Canned sardines here - wish I could get raw, be a big plus for me (and Asta)


----------



## Mufar42 (Jan 1, 2017)

I have read it is very good for them, though n to everyday. I do not I just can't handle the smell of fish anymore. Use to be a big fish eater but now not at all. In fact I bought a bag of stella & chess dyhydraqnted fish toppers and can't use them, just can't stomach the smell. It seems in my older age there are many smells I cannot tolerate.


----------



## Moni (May 8, 2018)

Yes I like feeding frozen fish - smells less that way. Sardines from Portugal and Scotland are great - stay clear from the ones from Japan. The Pacific sardines spawning grounds are at the coast where Fukushima is and are now showing extremely high Strontium levels - which is a concerns since that gets stored in the bones and sardines are fish that are usually eaten bones and all...

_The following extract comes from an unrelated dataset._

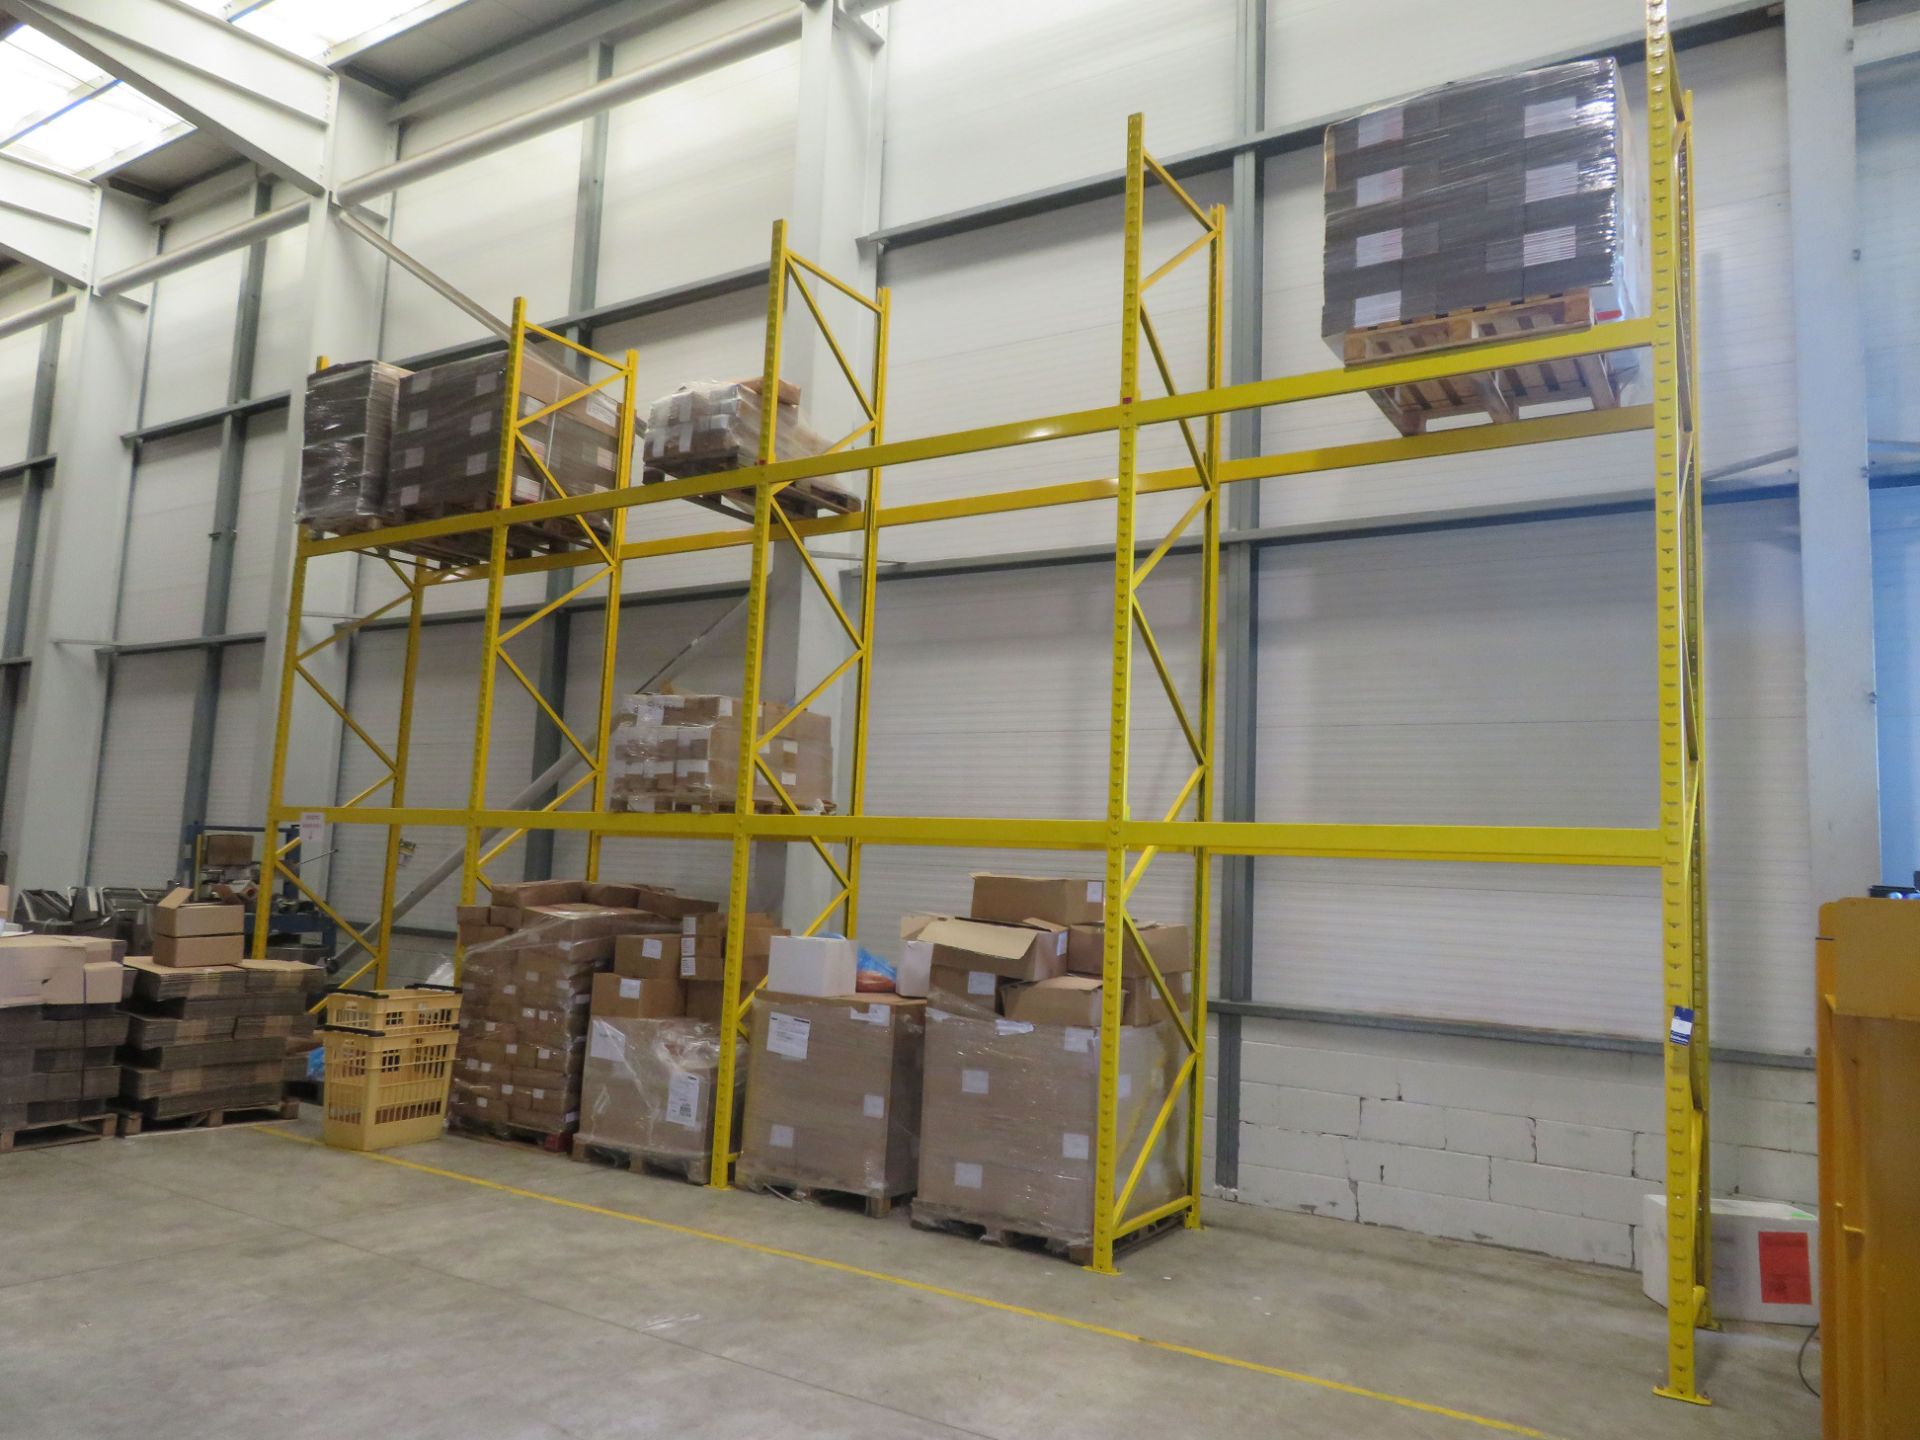 4x Bays of Pallet Racking- each bay 2.25 x 1.1 x 5.7m high - Image 2 of 2

https://peterdobias.com/blogs/blog/11014105-dogs-fed-sardines-show-high-strontium-levels


----------



## kontiki (Apr 6, 2013)

Yes ! My frozen Portugal Sardines for him are only about 4-5 inches long. 

You are so lucky to be able to get these sardines.

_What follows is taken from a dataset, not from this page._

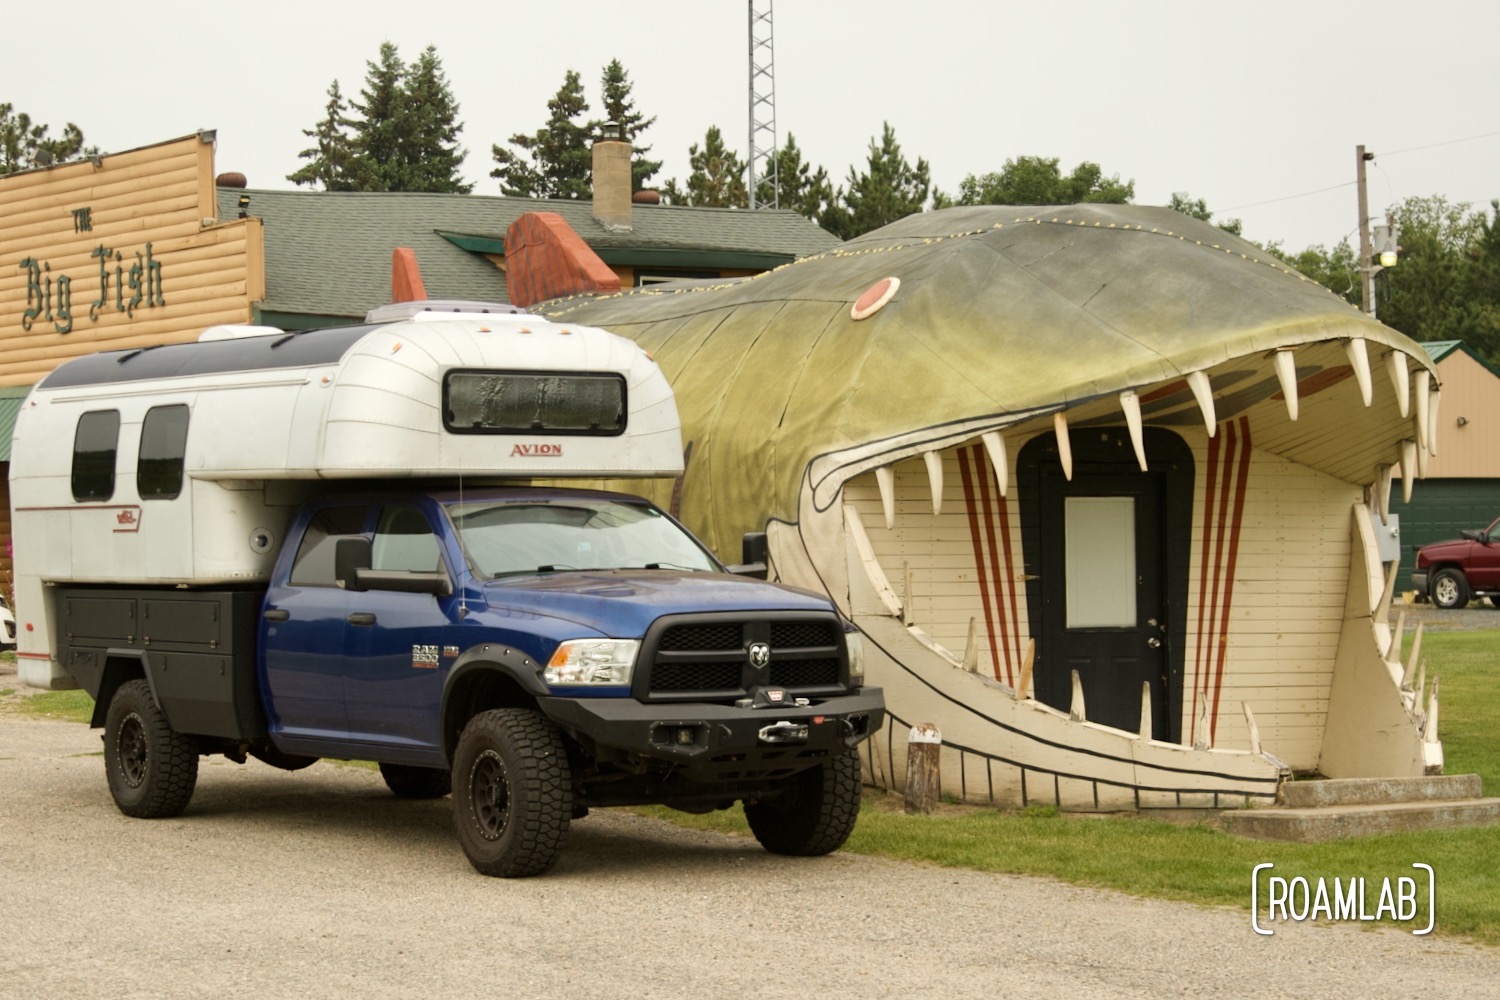 1970 Avion C11 truck camper parked next to a house sized fish in front of a fisherman's super club called The Big Fish off Minnesota’s Great River Road.

I feed them about 1/2 still frozen. They are less stinky and messy that way.

Leave the heads on! (Why would you cut them off?) There are nutrients and things there your dog can get nowhere else.


----------



## asuk (Jan 6, 2017)

kontiki said:


> Yes ! My frozen Portugal Sardines for him are only about 4-5 inches long.
> 
> You are so lucky to be able to get these sardines.
> 
> ...


Thanks! I think you misread my post. I am giving him just the heads. The whole thing is too much for him, perhaps 2-3 meals worth . Lol. I am keeping the flesh for us to eat.


----------



## kontiki (Apr 6, 2013)

I bought a large bag of the frozen sardines when they had them (they don't always have them). I take a few of them out of the bag and put them individually in sandwich baggies so I can quickly get one without having to open the big bag. 

This has become his favorite treat. I give him one about every week or two. What I do if the weather is nice is feed it outside half frozen on the grass so I do not have to worry about smell or cleanup. 

Plus I recently read that our dogs actually get healthy soil based organisms from the ground, which apparently where some probiotics come from. One thing I read is that when dogs pull up grass they are eating the soil based organisms on the roots. 

If I had a smaller dog I would simply chop it into parts while frozen and stick the other parts back in the freezer. Each part has different nutrients.

asuk, I am curious how you are fixing them for yourself? I usually eat the smaller canned ones if I am having sardines. Do you have to de-bone them?


----------